Un réseau activé préférentiellement par l’évaluation émotionnelle explicite

Pour tester l’hypothèse d’une implication différentielle des aires cérébrales engagées dans l’évaluation émotionnelle en fonction des contraintes attentionnelles, nous avons identifié les régions a priori qui étaient plus activées par l’évaluation explicite que par l’évaluation implicite. Notre raisonnement était le suivant : puisque les participants ont perçu le même ensemble de stimuli dans les deux conditions, alors les aires plus actives dans la condition d’évaluation explicite que dans la condition d’évaluation implicite sont des aires activées préférentiellement par la tâche d’évaluation émotionnelle explicite. Les comparaisons directes des conditions d’évaluation explicite et d’évaluation implicite ont révélé une modulation attentionnelle de l’évaluation émotionnelle.

L’activation du cortex cingulaire antérieur et du cortex préfrontal médian est particulièrement compatible avec les résultats de deux études qui ont observé des activations proches en utilisant des stimuli et des tâches similaires. En effet, Lane et al. (1997a) ont montré qu’une région du cortex cingulaire antérieur s’étendant au cortex préfrontal médian était plus activée lorsque les participants focalisaient leur attention sur la valence émotionnelle (négative, positive, ou neutre) que lorsqu’ils focalisaient leur attention sur l’organisation (intérieur, extérieur, ou ni l’un ni l’autre) de photographies émotionnelles de l’IAPS. En utilisant la même tâche, Gusnard et al. (2001) ont confirmé ces résultats et insisté sur l’importance du cortex préfrontal médian dans l’évaluation émotionnelle explicite.
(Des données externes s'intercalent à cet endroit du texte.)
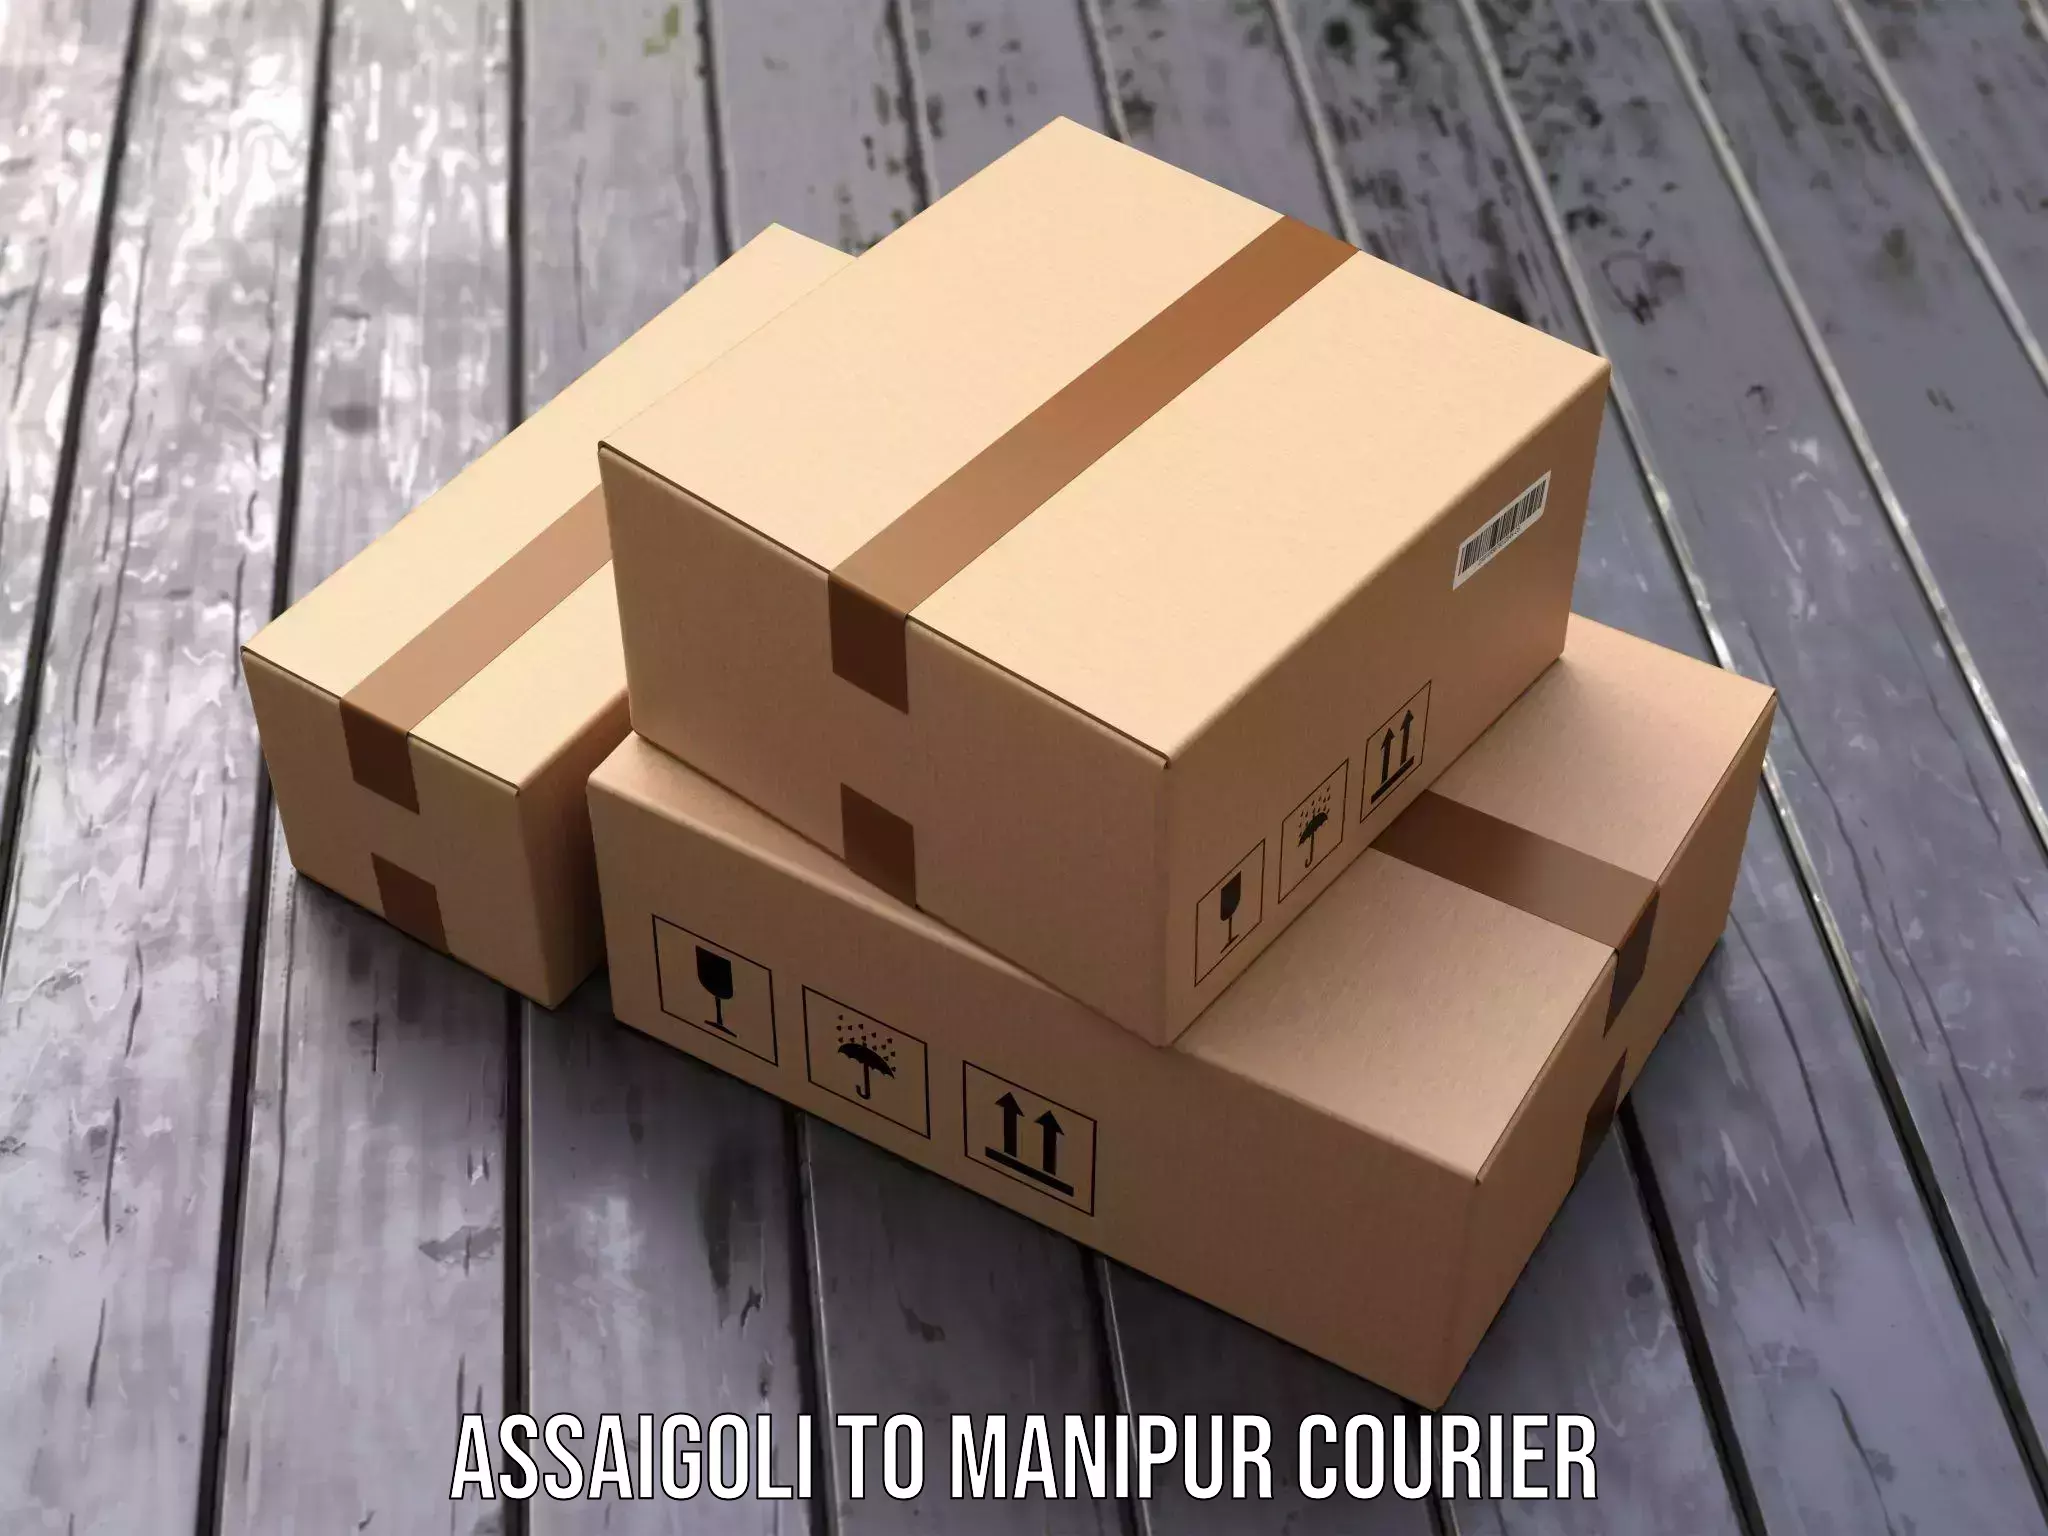 Cash on delivery service Assaigoli to Manipur
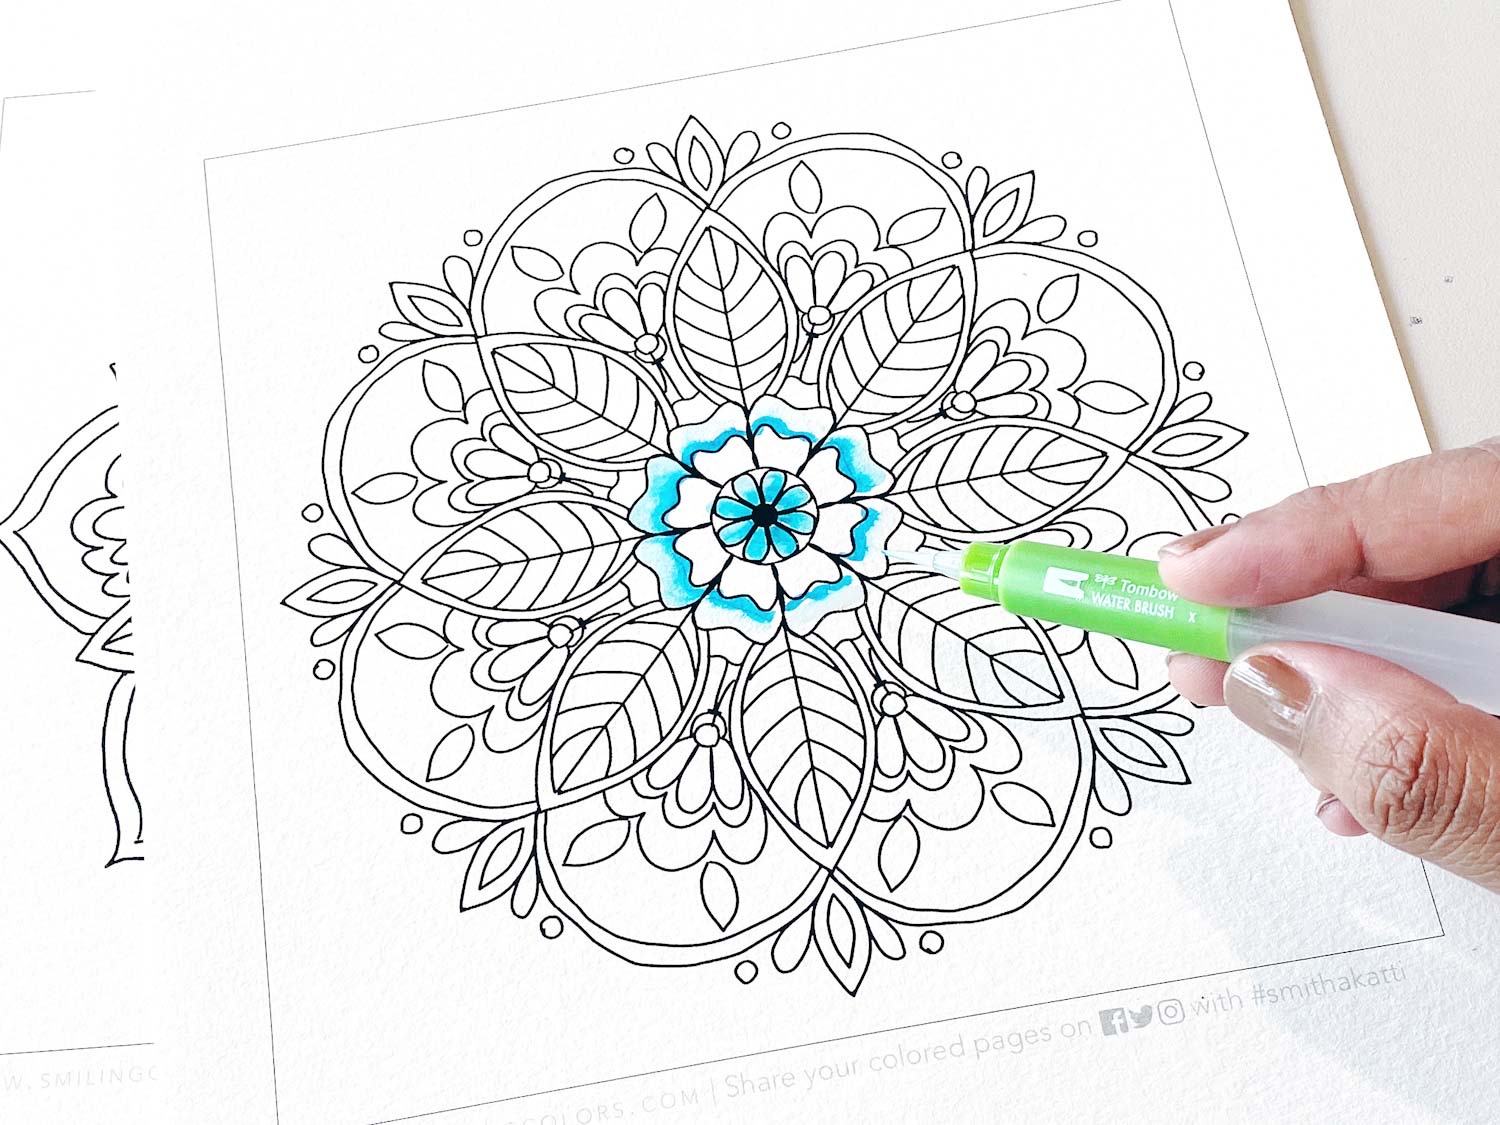 Gorgeous Free Coloring Pages for Adults and a Chance to Win Tombow Markers  - Easy Peasy and Fun

Nos résultats sont également compatibles avec les données montrant un rôle du cingulaire antérieur dans le traitement des représentations somatiques de second ordre (Critchley et al., 2001) ainsi que dans les mécanismes liés à la douleur (voir Peyron et al., 2000). Nos résultats pourraient refléter les fonctions du cingulaire antérieur et du cortex préfrontal médian dans l’expérience émotionnelle (Damasio et al., 2000; George et al., 1996; Ketter et al., 1996; Lane et al., 1998; Reiman et al., 1997) et suggèrent que l’évaluation émotionnelle pourrait recruter un réseau impliqué dans l’expérience émotionnelle. Ces résultats sont également compatibles avec notre proposition théorique selon laquelle le cingulaire antérieur et le cortex préfrontal médian sont des structures clés du sous-système de génération d’instructions émotionnelles.

Finalement, nos résultats suggèrent que le cingulaire antérieur et le cortex préfrontal médian sont des structures polarité-indépendantes et qu’elles pourraient constituer un réseau en interagissant avec l’amygdale et le gyrus frontal inférieur qui étaient également plus activés par l’évaluation explicite que par l’évaluation implicite. Comme cela a été proposé par Davidson et al. (2000), ce réseau pourrait faire partie du circuit neural sous-tendant la régulation émotionnelle.